A wetting layer is an monolayer of atoms that is epitaxially grown on a flat surface. The atoms forming the wetting layer can be semimetallic elements/compounds or metallic alloys (for thin films). Wetting layers form when depositing a lattice-mismatched material on a crystalline substrate. This article refers to the wetting layer connected to the growth of self-assembled quantum dots (e.g. InAs on GaAs). These quantum dots form on top of the wetting layer. The wetting layer can influence the states of the quantum dot for applications in quantum information processing and quantum computation.

==Process==

The wetting layer is epitaxially grown on a surface using molecular beam epitaxy (MBE). The temperatures required for wetting layer growth typically range from 400-500 degrees Celsius. When a material A is deposited on a surface of a lattice-mismatched material B, the first atomic layer of material A often adopts the lattice constant of B. This mono-layer of material A is called the wetting layer. When the thickness of layer A increases further, it becomes energetically unfavorable for material A to keep the lattice constant of B. Due to the high strain of layer A, additional atoms group together once a certain critical thickness of layer A is reached. This island formation reduces the elastic energy.
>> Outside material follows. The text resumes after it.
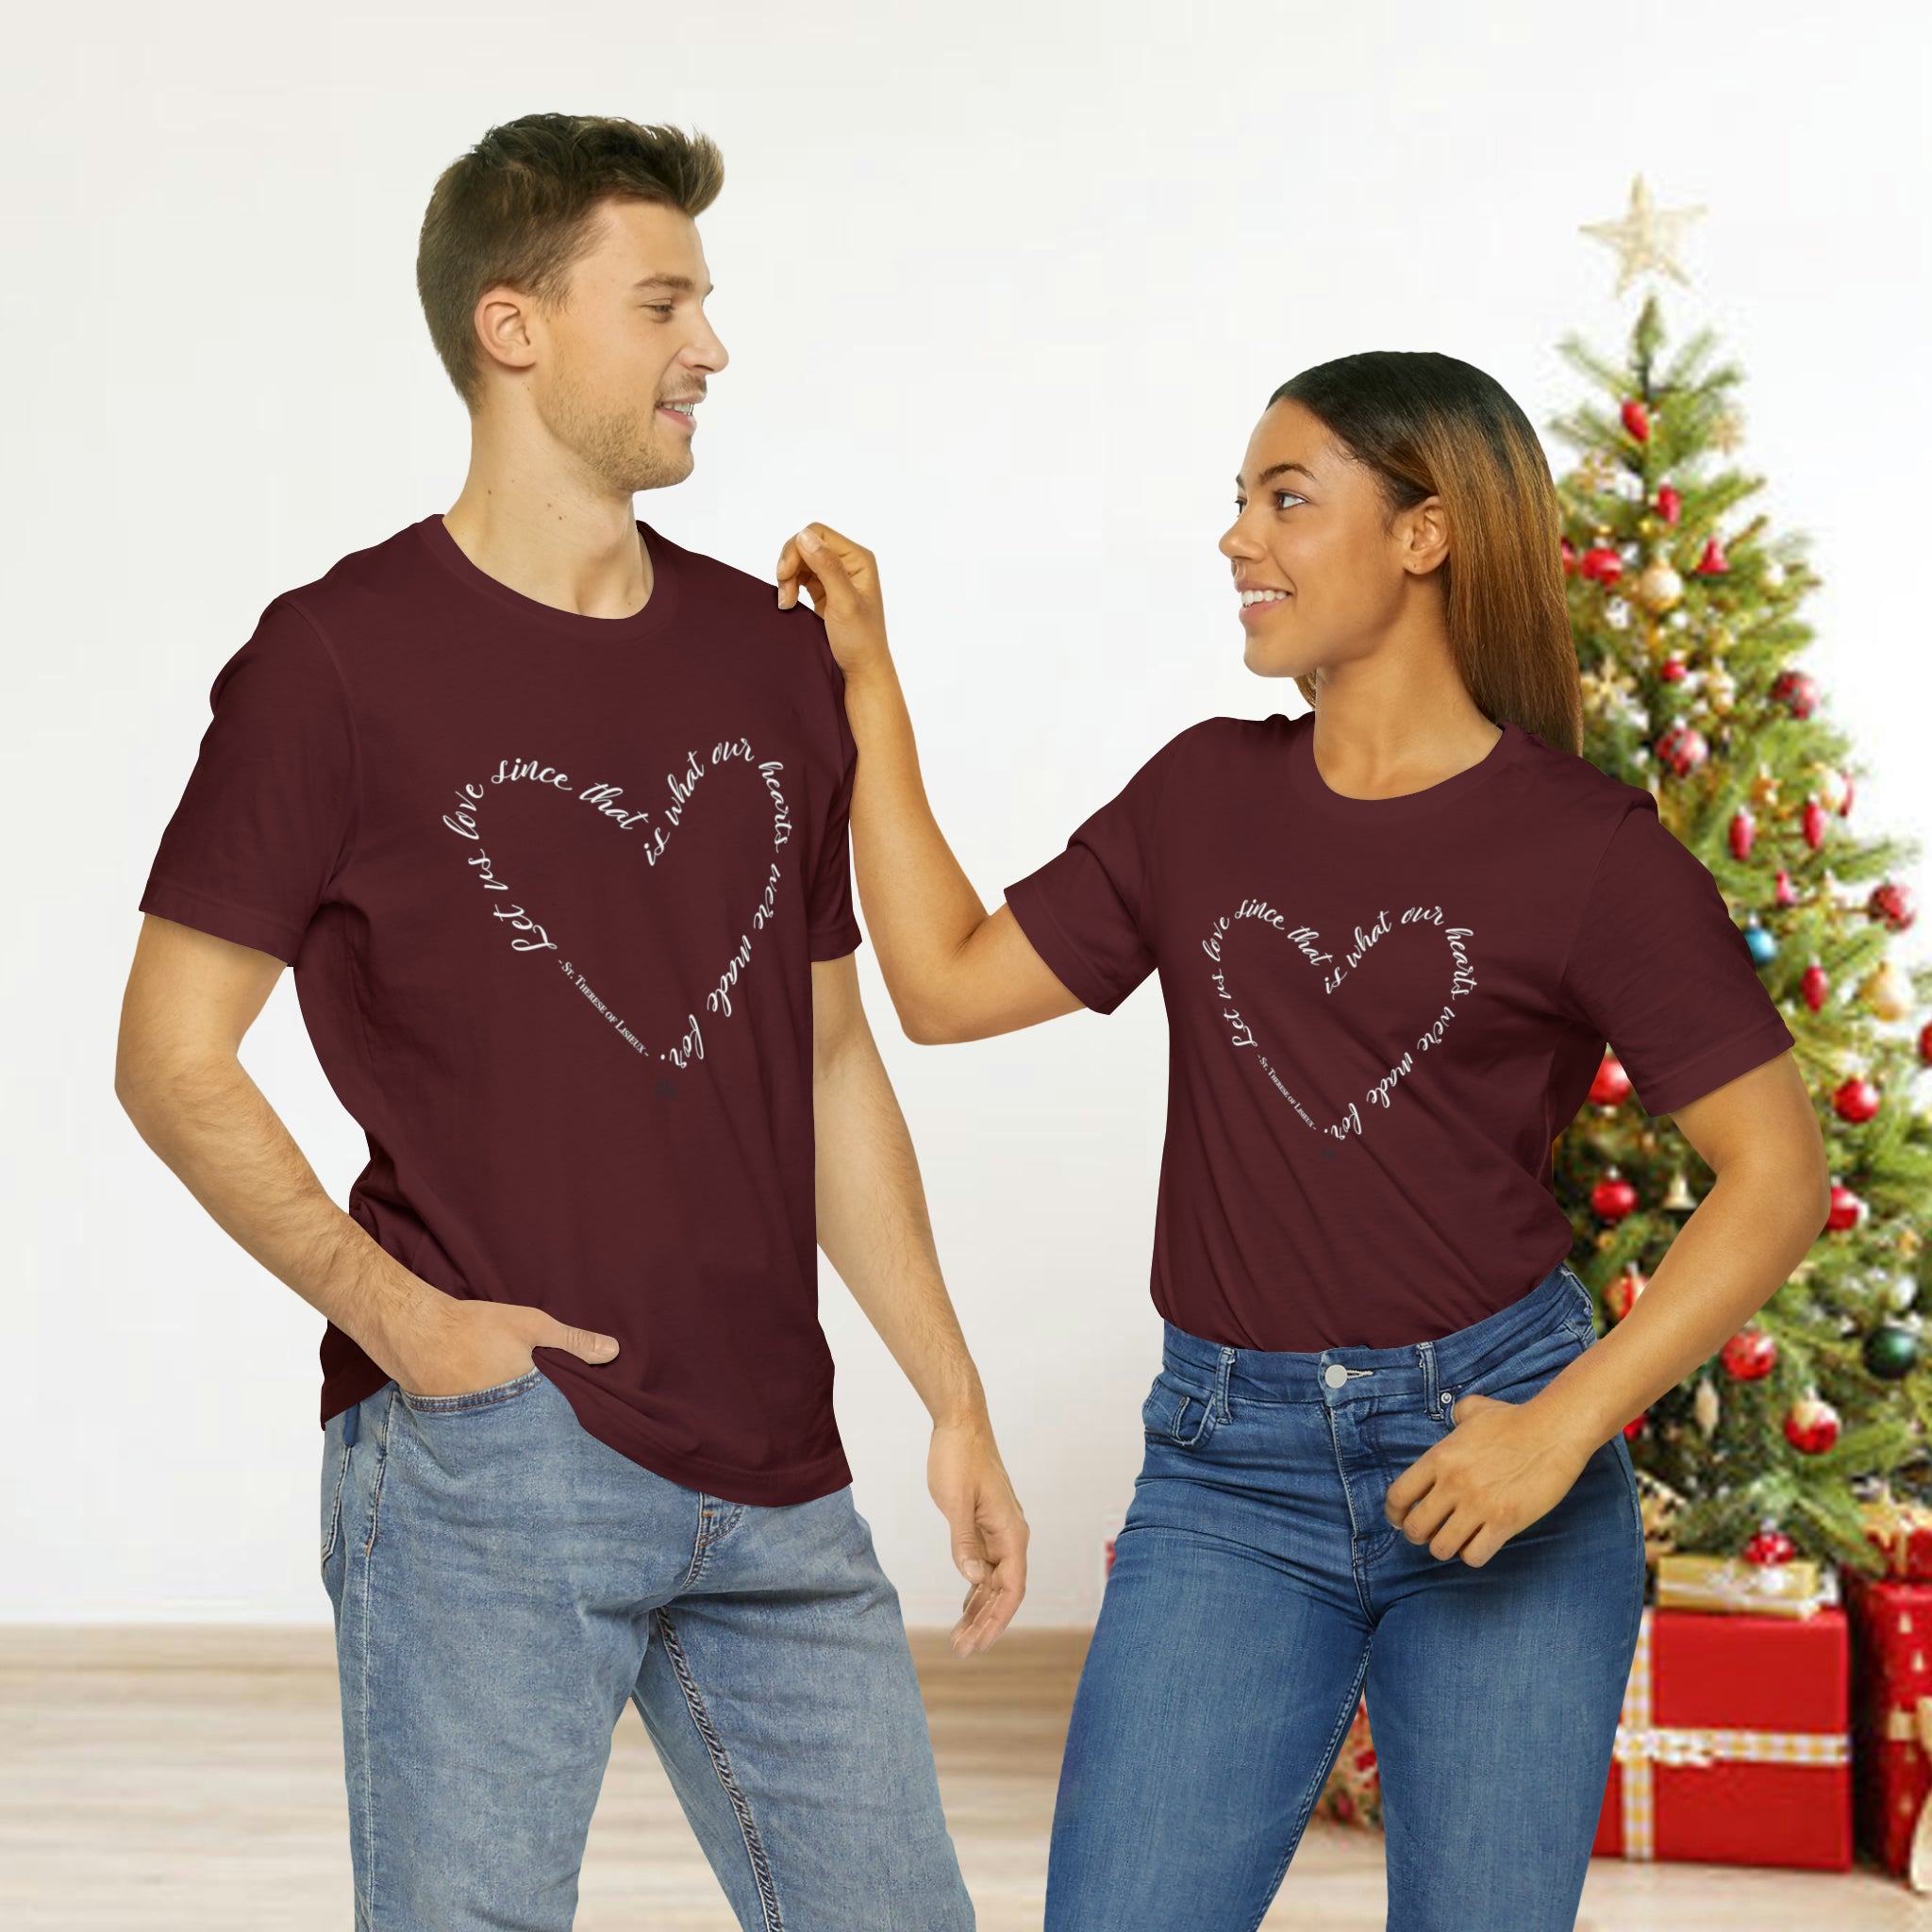 "Let us Love" Adult Unisex Tshirt - Adoption Benefit Design
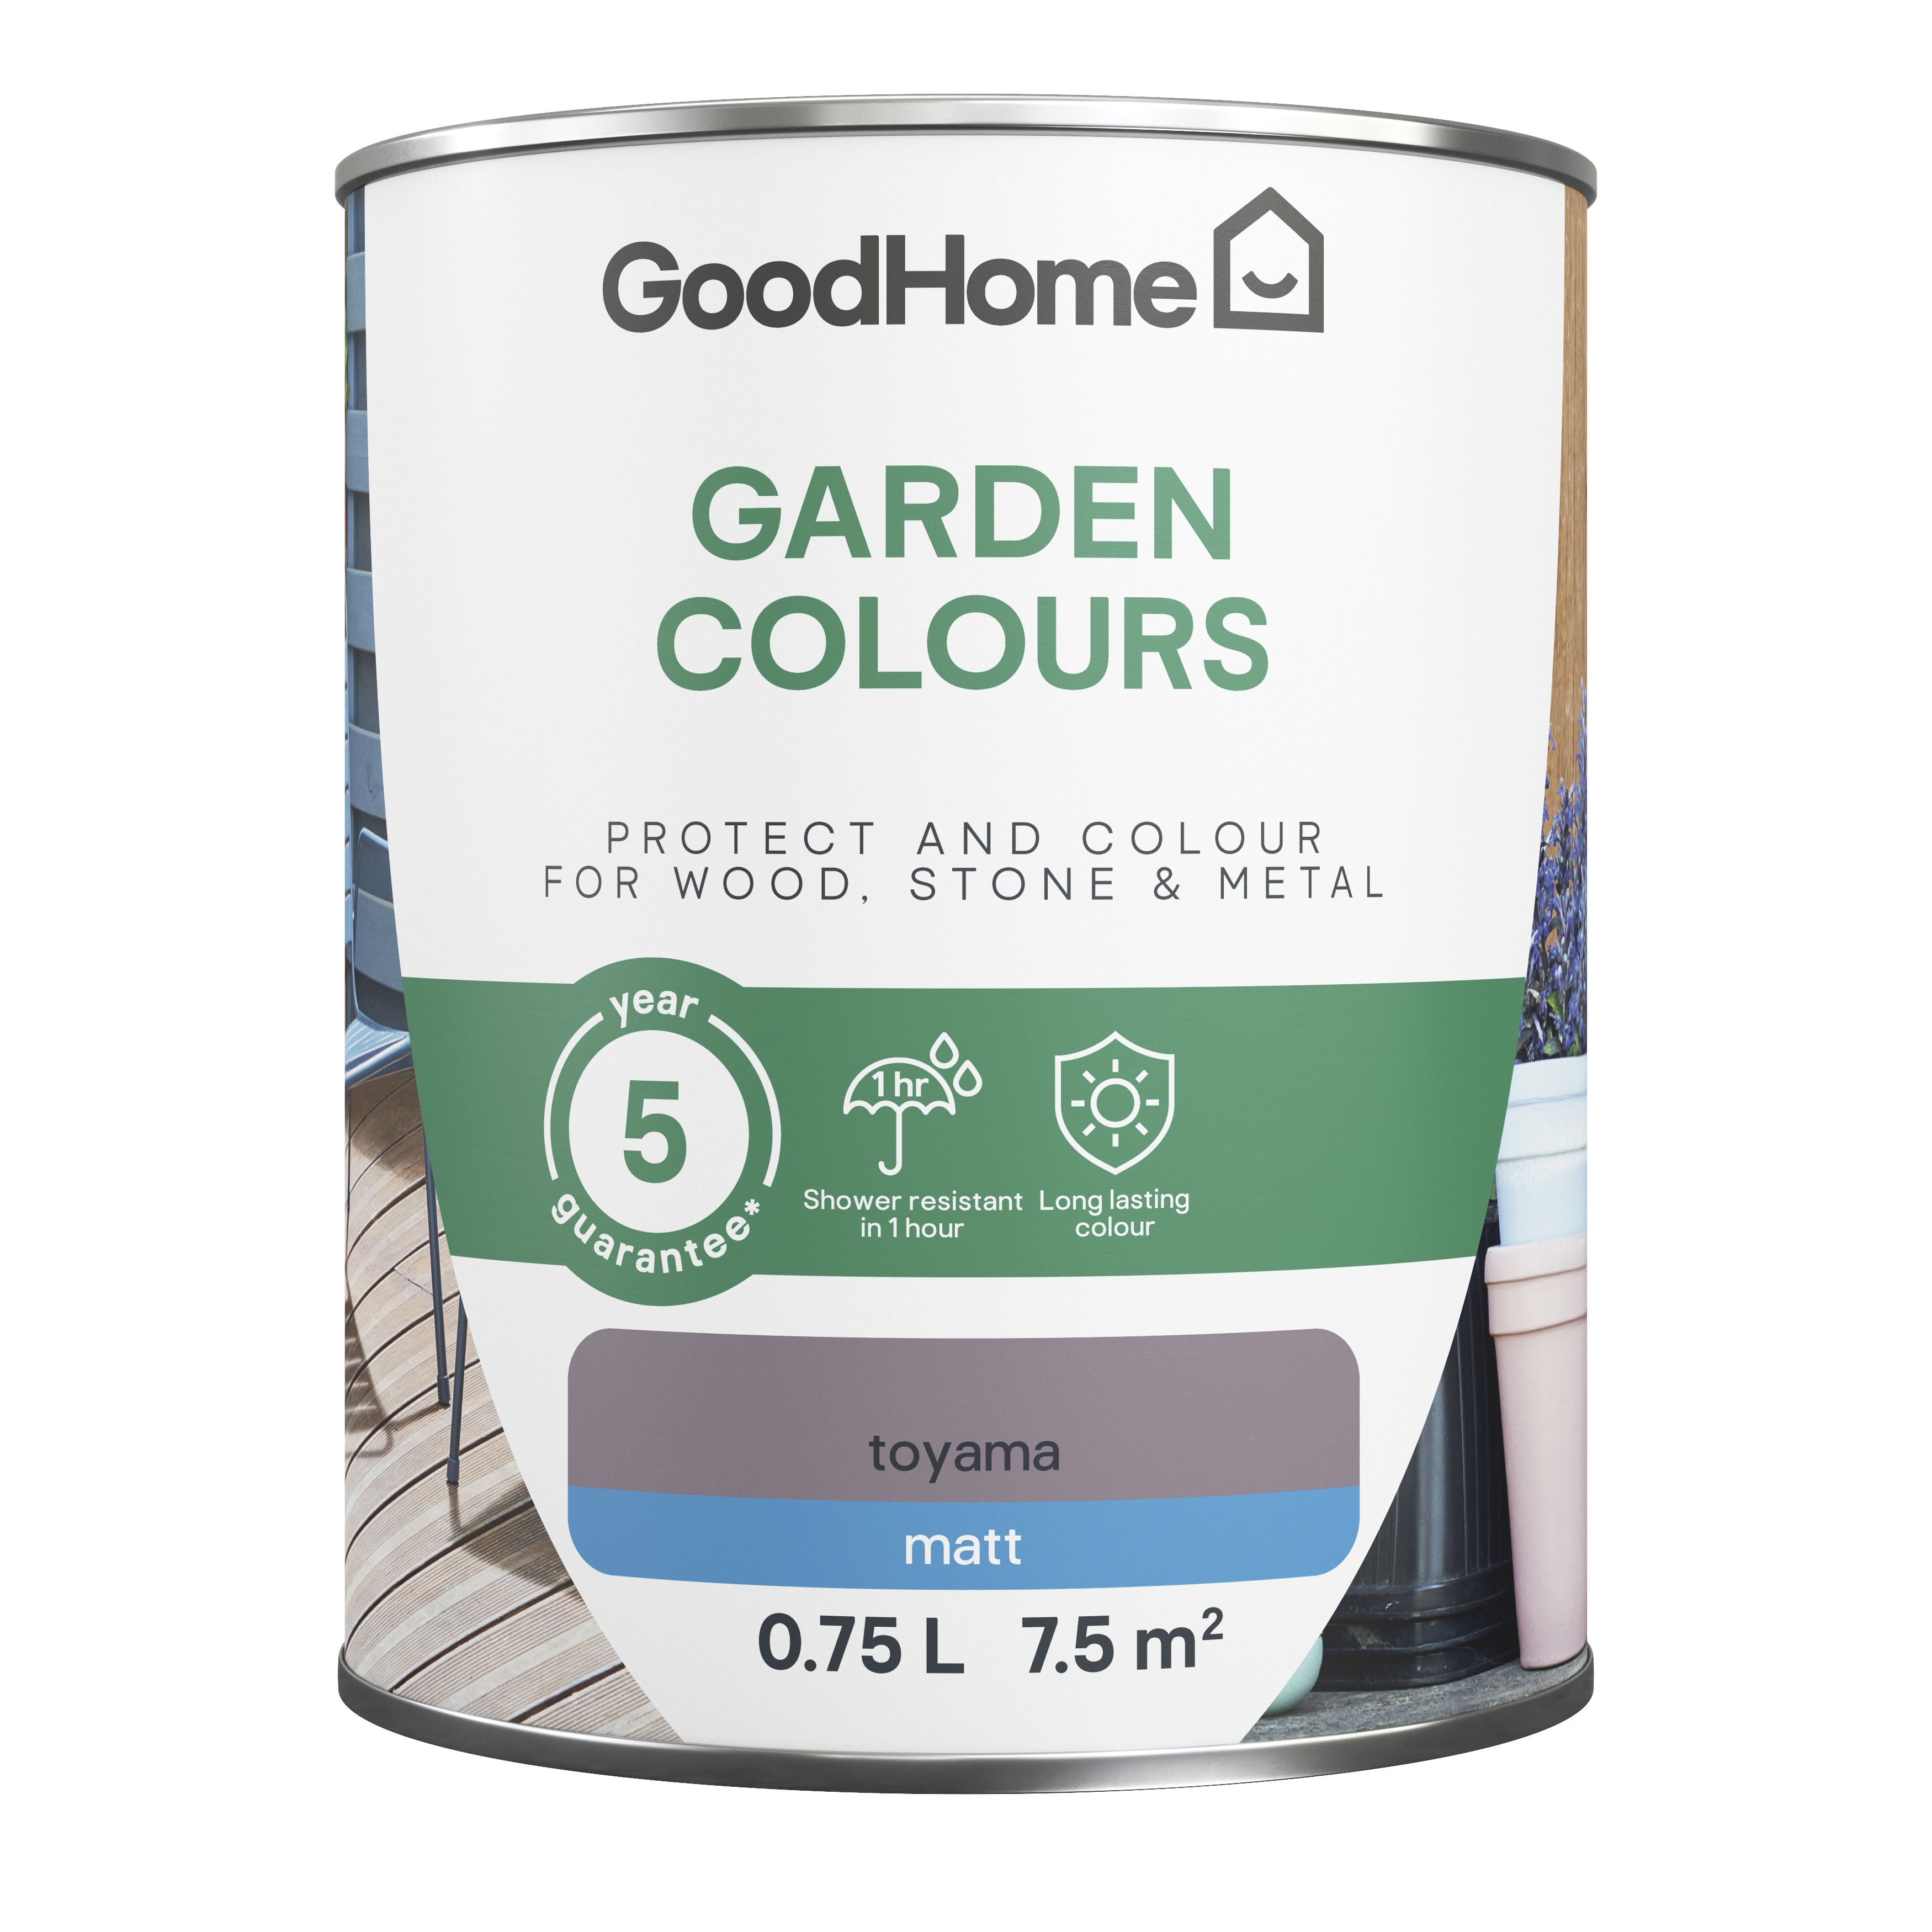 GoodHome Colour It Toyama Matt Multi-surface paint, 750ml

Overgrown with material B, the wetting layer forms a quantum well in case material A has a lower bandgap than B. In this case, the formed islands are quantum dots. Further annealing can be used to modify the physical properties of the wetting layer/quantum dot
.

==Properties==
The wetting layer is a close-to mono-atomic layer with a thickness of typically 0.5 nanometers. The electronic properties of the quantum dot can change as a result of the wetting layer. Also, the strain of the quantum dot can change due to the wetting layer.